Developing a concept map for predictive analyticsAugust/September 2016
To successfully use predictive analytics on projects, an actuary or other practitioner will need to decide and/or be able to _______________.
How would you complete the sentence? How would your peers complete the sentence? Only you can answer the first question. This article provides the answer to the second—but you will need to wait until the end. Before that, I will provide some background and explain the process that was used to come up with the answer.
It should be obvious that the Society of Actuaries (SOA) is into predictive analytics in a big way with a section, newsletters, webcasts, meeting sessions and seminars. When the SOA Board of Directors (Board) formed the Learning Strategy Task Force, it was clear from prior SOA research and environmental scanning that predictive analytics would be featured prominently in its recommendations. That is how it turned out: One of the 11 recommendations approved by the Board was to create curricula for professional development; the first to be developed was for predictive analytics.
The various professional development tasks from the Learning Strategy Task Force recommendations were assigned to a Professional Development (PD) Task Force, chaired by Terry Long, FSA, MAAA. The PD Task Force in turn asked the Predictive Analytics Advisory Group (PAAG), chaired by me, to oversee a concept mapping exercise to fill in the blank. Once completed, it becomes possible to build a curriculum that will provide actuaries and others the opportunity to become that person.
Creating the Concept Map
Concept mapping1 combines qualitative brainstorming to generate ideas followed by, what else, a series of analytic steps to make sense of those ideas. It began with hundreds of people invited to provide as many responses as they wanted to the “focus prompt,” the statement that introduced this article. The result was 488 statements.
Not surprisingly, many of the statements were similar. It was a fairly easy process to pare them down to 87 unique statements. Here are some randomly selected statements from those 87:
- Use holdout data to validate a model.
- Apply the principal components method.
- Identify and explain surprise findings.
- Clean and prepare the data for its intended use.
The members of the PAAG and additional predictive analytics thought leaders (30 in total) then went through a sorting exercise. Using an electronic tool, the objective was to place the 87 statements into virtual piles. Statements in a given pile were to be similar to each other and different from those in other piles.
Multidimensional scaling then was used to plot the 87 statements (points) in two dimensions. The basic idea is that the more sorters who put a given pair of statements in the same cluster, the closer those statements will appear on the plot.

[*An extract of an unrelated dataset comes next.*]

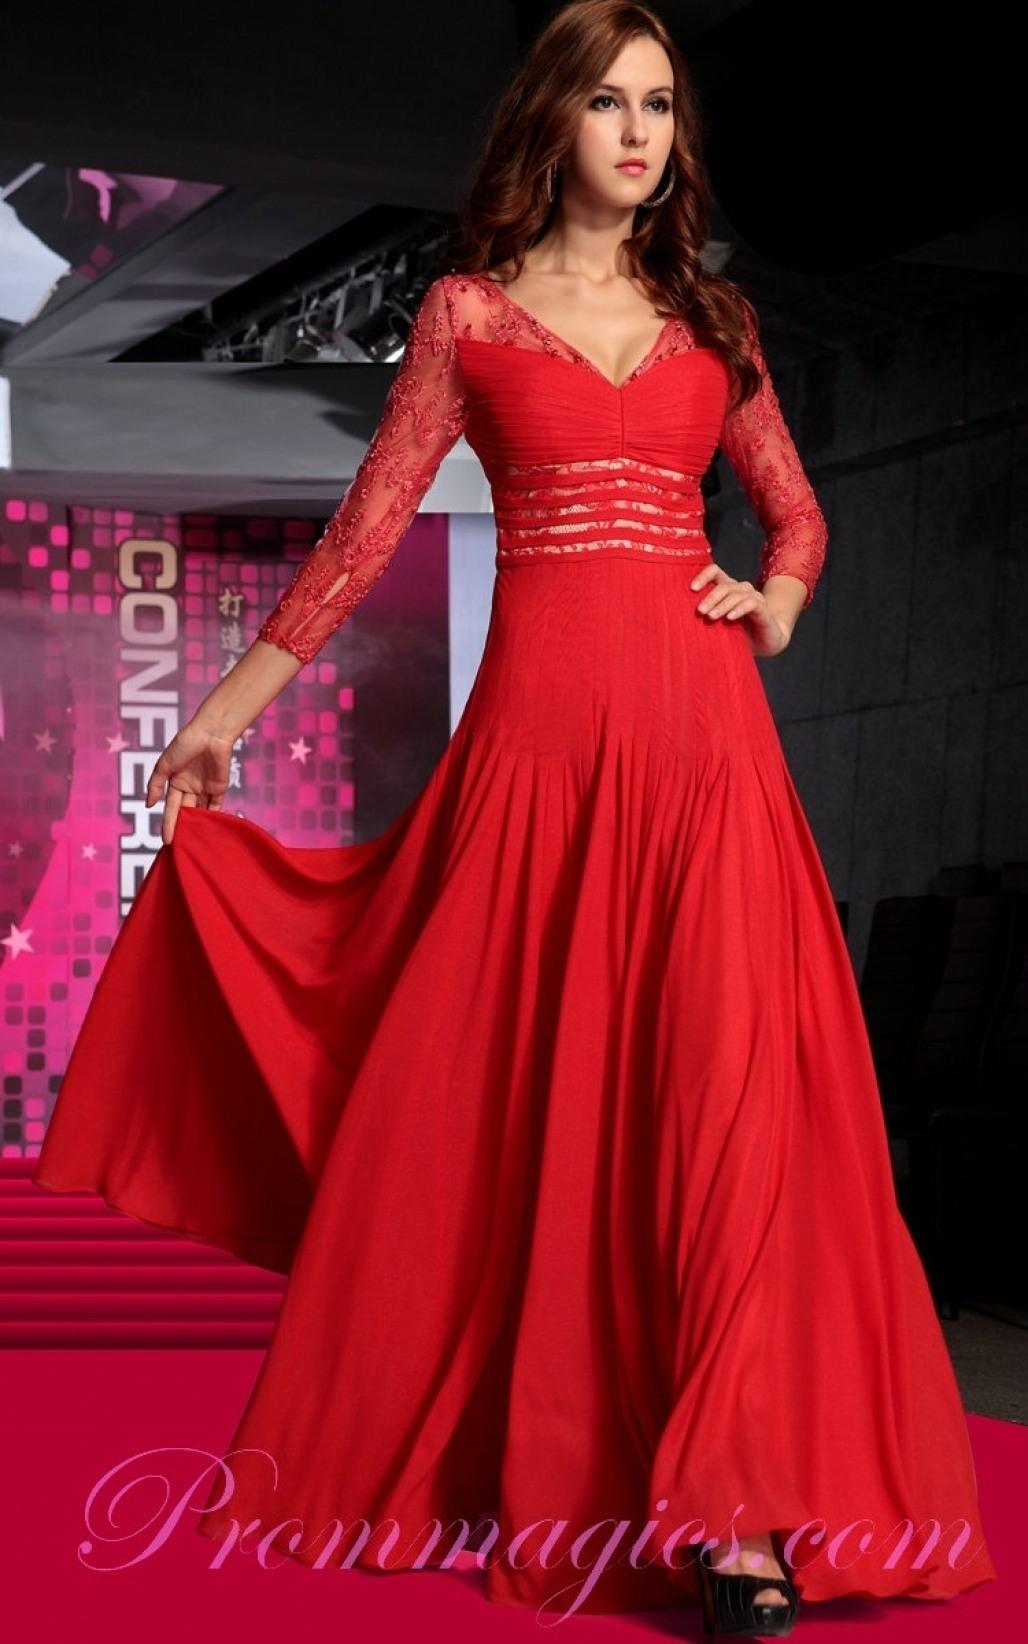 Designer Großartig Abendkleider Lang Günstig Kaufen Vertrieb13 Kreativ Abendkleider Lang Günstig Kaufen Vertrieb

Then the points (statements) were gathered into clusters using a cluster analysis algorithm. We chose 17 as the maximum number of clusters that would be meaningful. Our next task was to look at the software output, which indicated how the 17 clusters might be combined further. Two PAAG members then looked at the clusters and statements, and decided that a six-cluster solution made sense.
To support the development of the clusters, 106 respondents had provided a relative importance rating for each of the 87 statements. Ratings from a scale of 1 (unimportant compared to the other statements) to 5 (extremely important compared to the other statements) were provided. The full PAAG examined the results. They confirmed the clusters made sense and then named the clusters—each name representing the set of statements in the clusters. They also tweaked some of the statements, reducing the total to 84.
The result is six clusters. For each, the average relative importance score is given, along with a brief description. The scores didn’t vary much, as it appears all six clusters have value. It is not surprising that communication ranked highest. It doesn’t matter how brilliant the analysis is if the analyst cannot convince anyone else of its value. It is possible that the lower overall rating for methodologies and tools is a function of the respondents’ roles—many of the respondents are in more senior positions and are no longer in the trenches. The order of the clusters outlined in this article is, to some degree, the same as the steps in the modeling process. In total, the clusters will provide a framework for the predictive analytics curriculum.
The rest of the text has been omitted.